The paper "We Can't Understand AI Using our Existing Vocabulary" by Hewitt, Geirhos, and Kim from Google DeepMind presents an intriguing proposition in the field of AI interpretability and control. It argues for the development of neologisms—new words to bridge the conceptual gap between humans and AI models. This paper suggests that our current lexicon is insufficient for effectively communicating human concepts to machines and vice versa.

Summary of Main Arguments

The authors build their thesis on the premise that humans and machines, operating on different conceptual frameworks, require a shared language for effective communication. This communication problem necessitates the creation of neologisms to bridge these gaps. The paper emphasizes that successful neologisms strike the right balance between abstraction and detail, allowing them to be reusable across contexts without losing specificity.

To substantiate their argument, the authors provide proof of concept through the introduction of two neologisms: a "length neologism" and a "diversity neologism." These were designed to enable control over LLM response length and variability, showing that these neologisms can guide the behavior of LLMs in a manner aligned with human intentions.

Implications and Speculations on Future Developments

The proposal to use neologisms to facilitate AI interpretability and control carries significant implications. On a practical level, it could lead to more user-friendly interfaces between AI systems and end-users, making AI systems more accessible and easier to control without extensive technical intervention. Who develops the neologisms and how they are integrated into systems could become a critical aspect of AI development and usage.

From a theoretical perspective, the notion of neologisms challenges researchers to rethink the framework of AI interpretability.

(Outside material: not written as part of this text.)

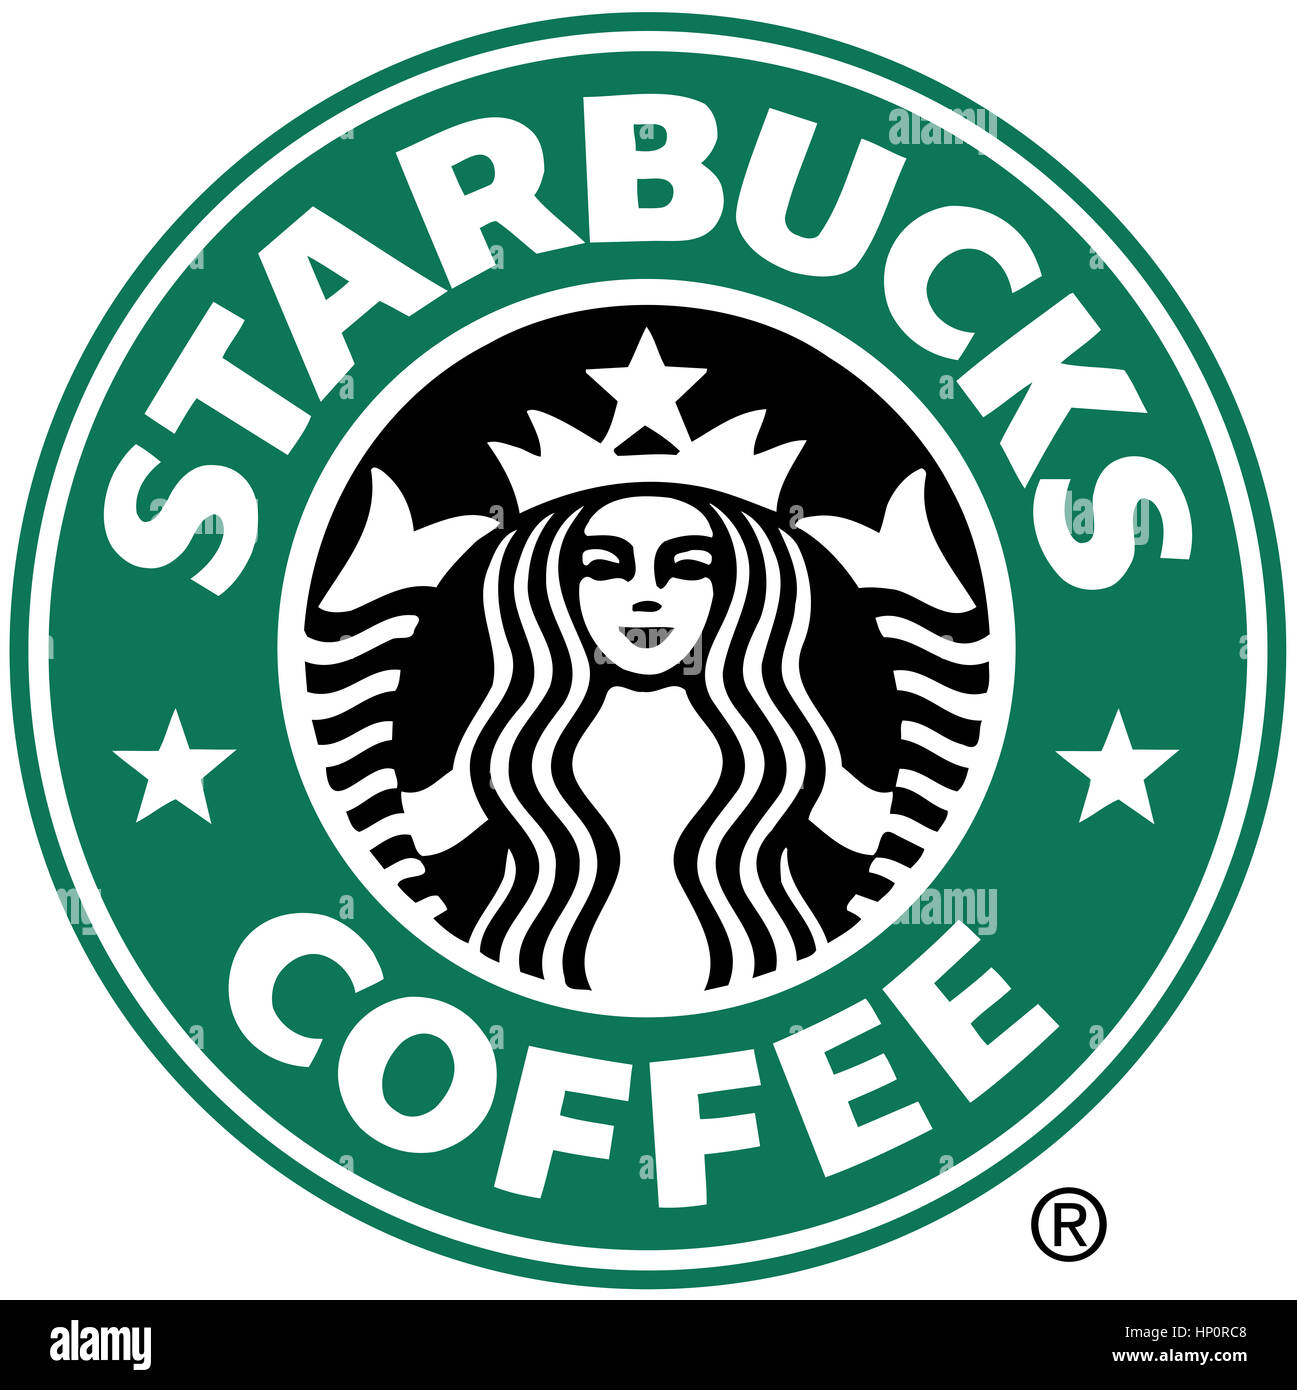 Starbucks logo stock photo 134013384 alamy starbucks logo biocorpaavc Image collections

It shifts the focus from retrofitting human concepts onto AI systems to proactively shaping a shared language. This perspective aligns with more cooperative interactions between human and machine agencies. The creation of a hybrid lexicon could even facilitate general advancements in fields like natural language processing and machine learning interpretability tools, as it demands insights into how both entities conceptualize their environments.

Looking to the future, this proposal could push the development of AI towards systems that not only respond to but also contribute to the evolution of human languages. Such a dynamic would require models to not just translate but actively engage in conceptual exchange, expanding their utility in collaborative environments further. It also opens questions around the governance and ethical considerations of who controls the formation and usage of these neologisms.

Numerical and Conceptual Highlights

The paper cautiously presents its numerical results, particularly in the context of the length and diversity neologisms. While it refrains from grand claims, the authors provide convincing evidence through controlled experiments illustrating improved model behavior. For instance, the implementation of the length neologism consistently resulted in significantly longer responses where desired, indicating an effective modulation of model output predicated on human instruction.

In terms of bold conceptual claims, the authors assert that this approach could effectively counteract inherent biases in AI development, particularly confirmation bias and anthropomorphism. The framing insists on the necessity of acknowledging and operationalizing the differences between human and machine understanding—a crucial step ignored or glossed over in many traditional interpretability efforts.

Conclusion

The notion of developing neologisms for AI interpretability and control represents a novel pathway in addressing the conceptual disparities between human users and AI systems. By seeking to create a joint human-machine lexicon, the research opens up new avenues for improving the functionality and applicability of AI in complex, real-world contexts. While still in exploratory phases, the impact of such a framework could redefine how we approach AI development, bridging human creativity and precision with machine learning capabilities. As AI systems continue to evolve, embracing such innovative approaches will be crucial to harnessing their full potential while ensuring ethical and user-focused integration.